KABUL — Secretary of State John Kerry and President Hamid Karzai of Afghanistan smoothed over one of the worst patches in the difficult relationship between the United States and Afghanistan with a compromise Monday that settles — for now — a bitter dispute over the fate of Taliban prisoners deemed a threat to US forces.
Earlier Monday, the US military ceded control of the Parwan detention center near the Bagram military base north of Kabul, a year after the two sides agreed to transfer all prisoners to Afghan government control.
The transfer of Parwan, the last US-controlled jail in the country, is symbolic of the larger tension as US forces depart from Afghanistan after 13 years. The departing troops will leave behind a fragile democracy with untested ability to defend itself or safeguard the political and economic gains underwritten by billions in US spending.
With a self-imposed deadline of December 2014 for American combat forces to leave Afghanistan, the Obama administration is trying to shape a less volatile relationship with Karzai while insisting on a clean election next year to replace him.
Kerry and Karzai said Monday they had helpful discussions about the prospect of reconciliation with the Taliban, but gave few specifics beyond saying that both the United States and Afghanistan have just one motive in talking with the militants: to bring them to the peace table.
Kerry put his long friendship with Karzai on full display Monday, praising him for courage and endurance while Karzai repeatedly thanked Kerry and other American officials for sticking by him.
‘‘You, I think, stand on the brink of a remarkable legacy for having brought Afghanistan through an amazingly difficult time,’’ Kerry told Karzai. ‘‘There are still difficulties ahead; there are still challenges.’’
Kerry knows the unpredictable Afghan leader well and was a frequent intermediary for President Obama while serving in the Senate before becoming secretary of state last month.
The two nations are trying to sort out difficult issues that often pit US goals for the security of its forces and American interests against Karzai’s keen sense of national sovereignty. The largest of these issues remains open: whether any US forces that remain in the country for training and counterterrorism operations after 2014 would be immune from prosecution under Afghan law.

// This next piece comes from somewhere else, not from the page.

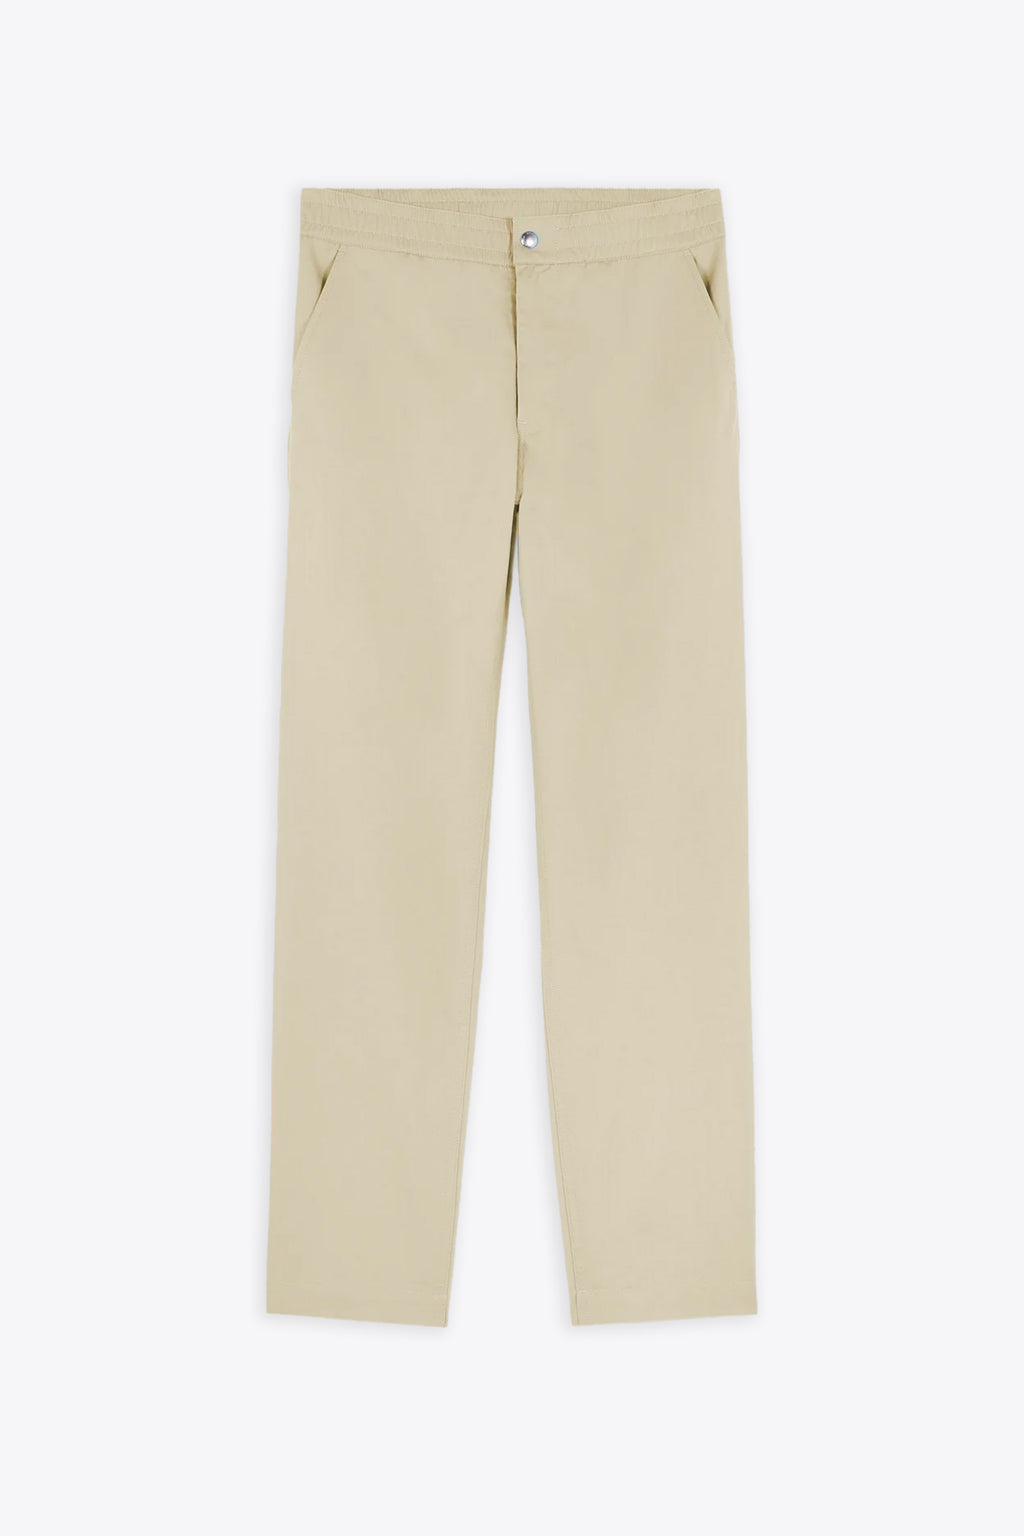 alt-image__Light-beige-cotton-pants-with-elastic-waistband---Casual-Pants

US officials say that protection is essential for a long-term joint security agreement, but it will be a hard sell to Afghans. The same dispute sank a hoped-for security agreement that would have left a training and stability force in Iraq.
Washington says it would be foolish to think the process of separating US and Afghan control will be smooth, and some of Karzai’s recent statements are Exhibit A.

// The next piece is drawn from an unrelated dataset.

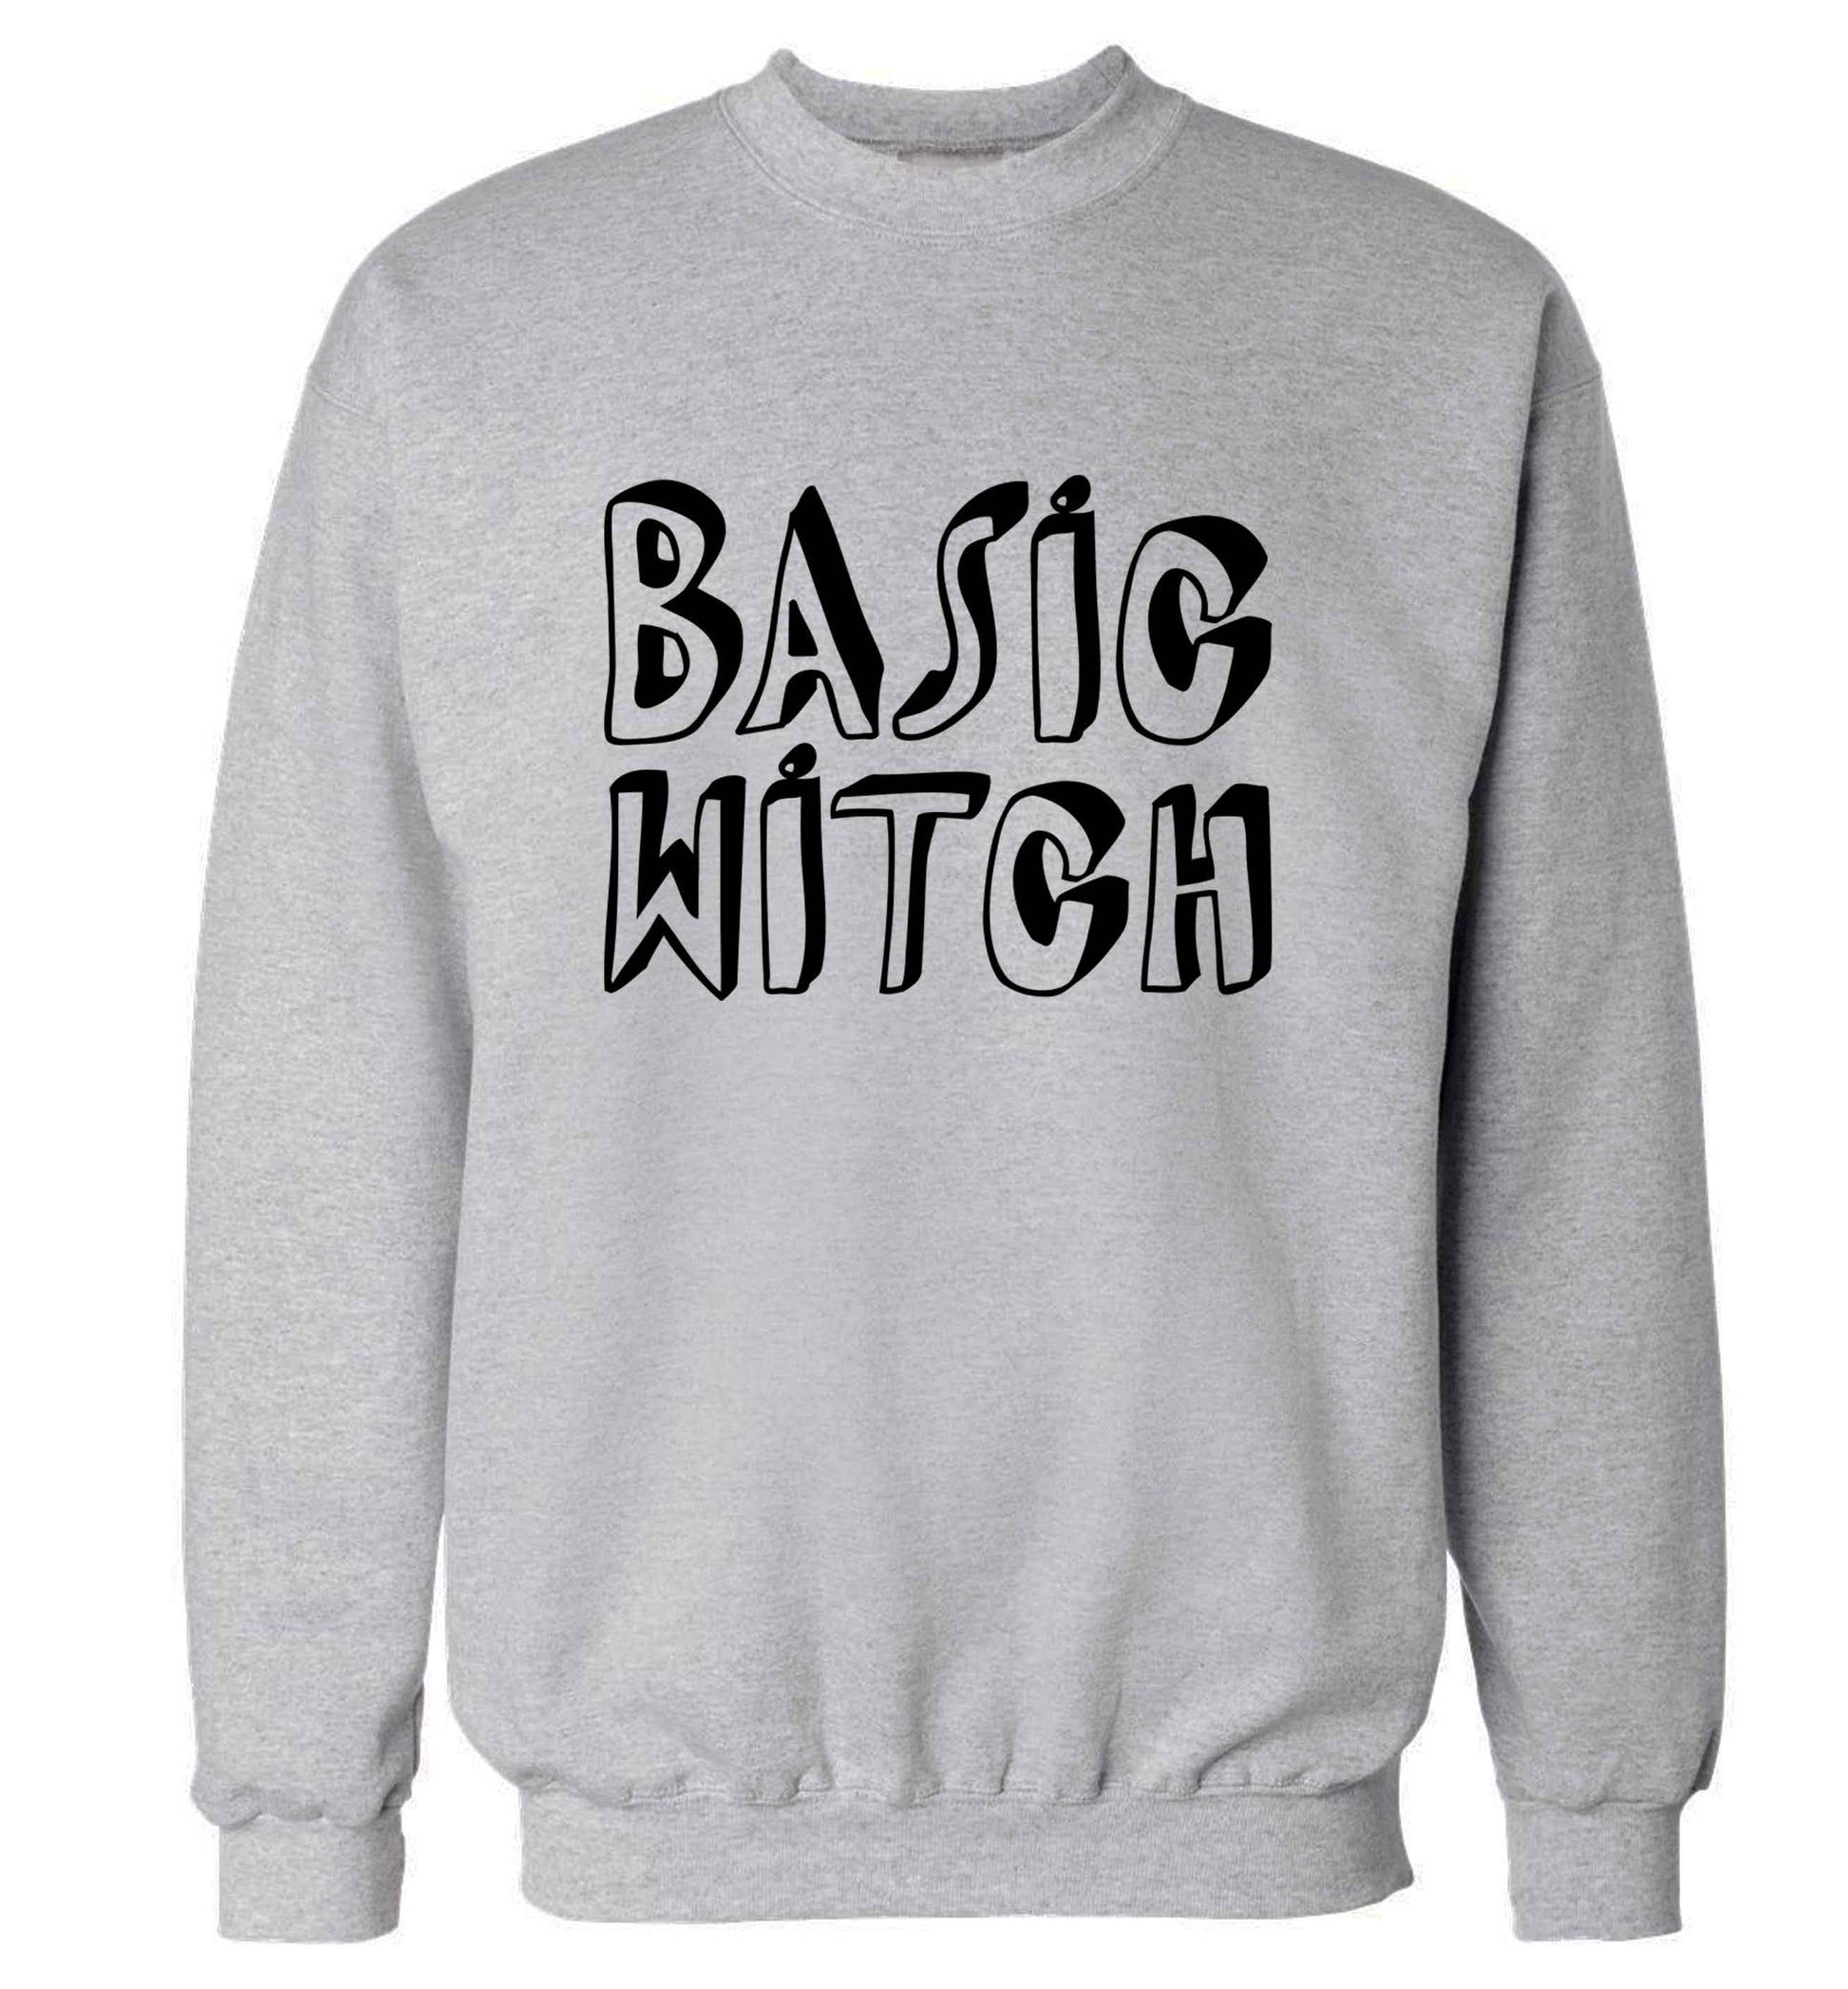 Basic witch adult's unisex grey sweater 2XL

The new defense secretary, Chuck Hagel, canceled a news conference with Karzai earlier this month after Karzai was widely quoted accusing the Obama administration of colluding with the Taliban insurgency that has tried to overthrow him for a decade. The remark angered US officials and many in Congress.
Kerry and others have assured Karzai that direct talks between the United States and the Taliban remain on hold, and Karzai claimed Monday that his complaint had been misunderstood.
Karzai attempted to put into context some of his recent inflammatory remarks, particularly his accusation that US troops had tortured civilians outside Kabul.
‘‘When I say something to this effect, it’s not to offend our allies but to correct the offense,’’ Karzai said. ‘‘I am the president of this country. It’s my job to provide all the protection I can’’ for Afghans.
Kerry seemed ready to let the matter slide.
‘‘I am confident that the president absolutely does not believe the United States has any interest except to see the Taliban come to the table to make peace,’’ while helping Afghanistan defend itself, he said at their press conference.
Kerry focused largely on his appreciation of the US contribution in Afghanistan. With the handover of the Parwan detention center and the US announcement last week that troops would be gradually removed from Wardak province, it appears that Karzai’s most vehement demands have had an impact.
Details of the prison transfer deal were scant, such as whether the United States would maintain veto power over the release of 30 to 40 ‘‘enduring security threats,’’ who American officials say still pose a serious danger to US and Afghan troops.
‘‘It is important for the people of Afghanistan,’’ Karzai said of the prison, which has been a symbol of sometimes heavy-handed US military control.
It is unclear whether the US mechanism of ‘‘administrative detention,’’ under which some detainees remain in custody without trial, would be continued under Afghan control.